Elektro- och informationsteknik

Lunds Tekniska Högskola | Lunds universitet



Mobile communications have undergone an amazing development over the last few decades, with new generations coming out roughly every ten years. Each transition from one generation to the next has brought new capabilities and improved technology. The first generation was based on analogue technology and supported only traditional phone calls, while subsequent generations have become increasingly digital, making them more efficient, flexible and capable. Today a mobile phone is much less “a phone” than it is a centre for our social networks, a diary, a personal assistant, a camera, and the way we keep updated on the latest news. No matter how we measure the development of mobile communications, curves tend to show exponential growth without signs of slowdown. In this sense it is obvious that mobile communications are “going massive”, but it is a different aspect of going massive on which this text focuses. Current estimates show that worldwide mobile data traffic will grow from a current 3 ExaBytes per month (3 000 000 000 000 000 000 Bytes) to around 20 ExaBytes per month (20 000 000 000 000 000 000 Bytes) by the year 2020 . There are no existing systems that can efficiently supply this increase in data traffic. The radio spectrum is already crammed with mobile services, and mobile communication technologies are performing near their theoretical maxima. To take the necessary leap forward we need to open up a new dimension in mobile communications. The spatial dimension, i.e. the location of mobile terminals in space, is still to be efficiently exploited. Massive increases in data traffic, through massive increase of spatial resolution, require massive numbers of antennas in our mobile systems. It is from this perspective we perform research in our project where we investigate mobile systems going massive.

To understand the fundamental principles of how spatial resolution can help us increase efficiency of a mobile communication system, we will use very simple optical light-based communication as an analogy. Assume that our mobile terminals are transmitting signals to a base station by switching a light source on/off, using for example Morse code. The base station has an omni-directional light detector, which you may think of as watching the world through a ping pong ball, where strength and colour of incoming light can be distinguished, but not its direction. This is a fairly close analogy of how current mobile communication systems operate. To separate signals from different terminals, there have to be some distinguishing features to exploit. One possibility is to use colours, where each terminal is assigned a unique colour. The base station can then separate signals by using colour filters. The corresponding technique in mobile communications is to assign different radio frequencies to each terminal. Another approach is to organise communication from different terminals in a strict time schedule, so that only one terminal is transmitting to the base station at any moment in time. A critical observation regarding both these techniques is that more resources are needed whenever a new terminal enters the system. In the first case, an additional colour/frequency is required, while in the second case another time-slot has to be assigned. Even the latest, fourth, generation mobile systems operate to a large extent according to these basic principles.

Now, let us take the conceptual leap of replacing the omni-directional light sensor at the base station with a digital camera. Suddenly, the base station can distinguish not only intensity and colour, but also the direction from which a light signal is coming. With this new arrangement, each little dot, pixel, in the image sensor of the camera can be used in the same way as the omni-directional light sensor in the previous example. As long as the image of transmitting light sources of two terminals fall on different pixels, they are easily separated by the base station even if they transmit at the same time.
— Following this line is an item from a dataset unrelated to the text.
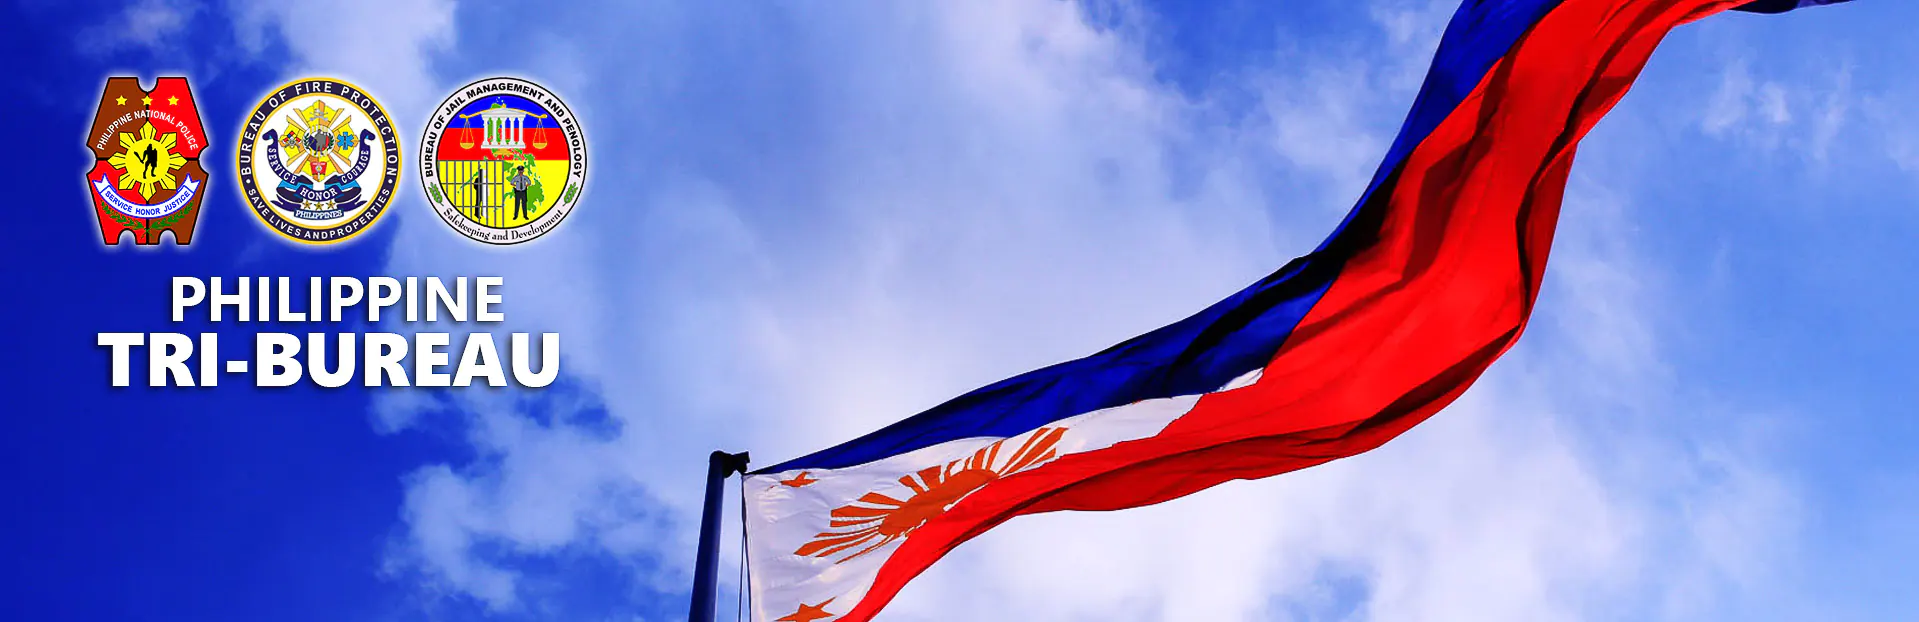 Philippines Tri Bureau Banner

Only when they fall in the same pixel do they have to be separated using colour/frequency or time as in the first example. In principle, our communication capacity is multiplied by the number of available pixels on our camera sensor, without the need for more colour/frequency or time resources. By using a massive number of light sensors/pixels, communication capacity can be massively increased. The same basic principles can be used in radio-based mobile communication systems, with some minor conceptual changes. Light sources on terminals are replaced by antennas and the digital camera on the base station by a massive array of antennas. The two major differences between the light analogy and real radio-based mobile communication are that i) the focusing of light performed by a lens in the first case is replaced by digital processing of antenna signals in the second and ii) while light travel essentially in straight lines, radio signals can bend around corners, making it possible to communicate also out of the line of sight.
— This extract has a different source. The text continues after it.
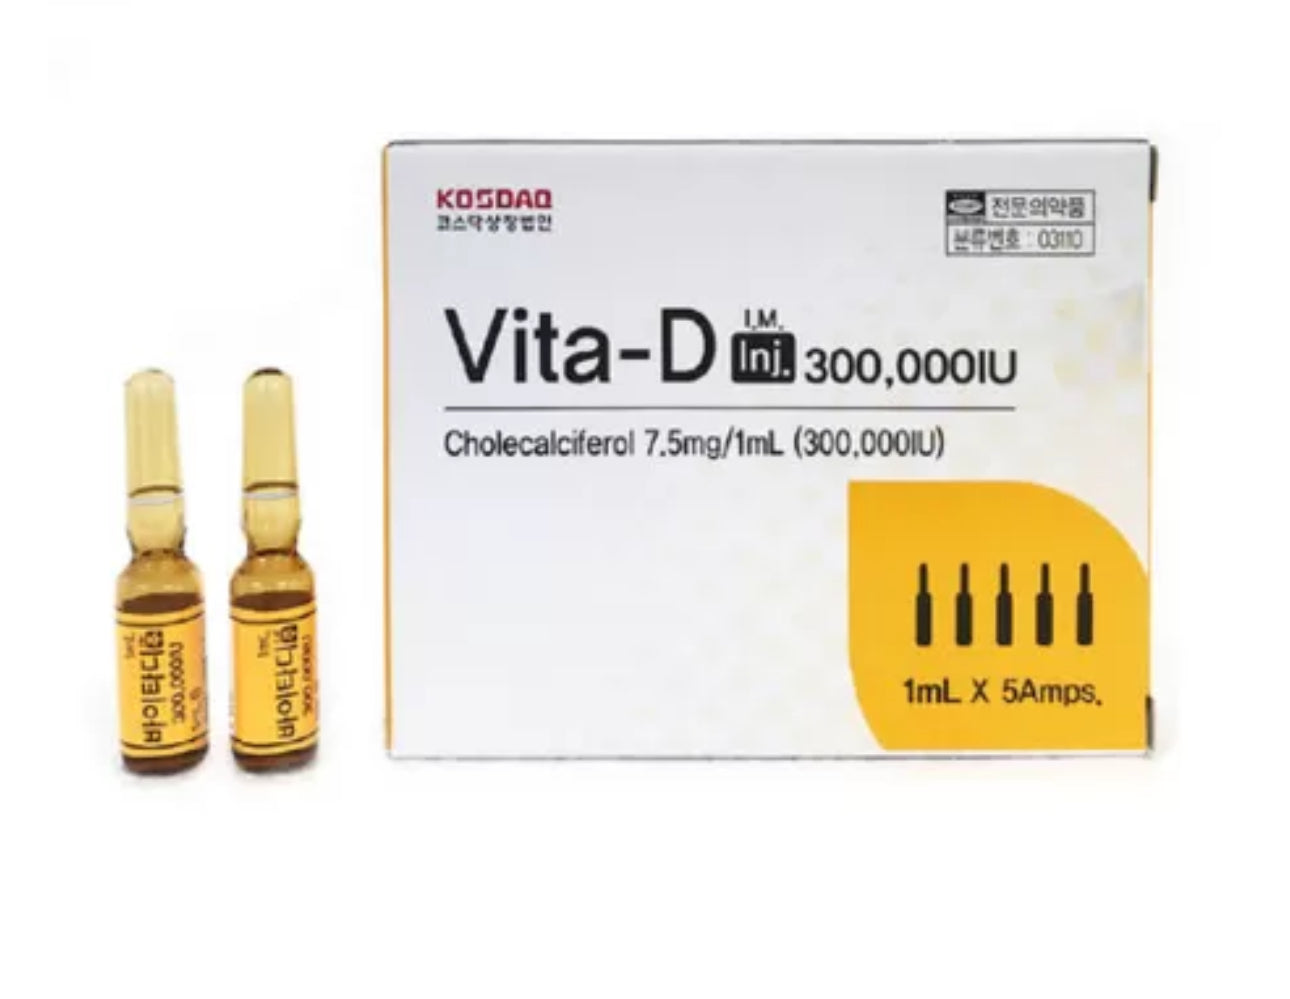 Vitamin D (Vita-D) 300,000IU

Improving wireless communication by using multiple antennas is usually called multiple-input/multiple-output (MIMO) communication, and it has been employed on a small scale in existing systems. Up to eight antennas are specified in fourth generation systems, while we in our research are taking the number of antennas to the extreme in what is called massive MIMO. Theoretical studies are performed with arbitrary numbers of antennas at the base station and real-time experimental tests are performed on a flexible 100-antenna testbed, where new algorithms and concepts can be verified. The custom-made testbed that we have developed at Lund University in cooperation with National Instruments can be seen as a fully programmable base station, where every aspect of the radio transmission and reception on all 100 antennas can be controlled in great detail. It is the largest and most capable testbed of its kind in the world. 

Together with colleagues at Linköping University we identified the potential of massive MIMO at a very early stage, and the formation of the strategic research area ELLIIT (Excellence Center at Linköping – Lund in Information Technology) enabled us to join forces and gather the critical mass to exploit different aspects of massive MIMO, spanning the entire range from pure theoretical analysis of possibilities and limitations to the testbed implementation where we bring advanced lab technology all the way to a real world deployment. ELLIIT researchers are seen as pioneers in the area and as a result of the establishment of ELLIIT we have built up a world-leading position together with our colleagues in Linköping.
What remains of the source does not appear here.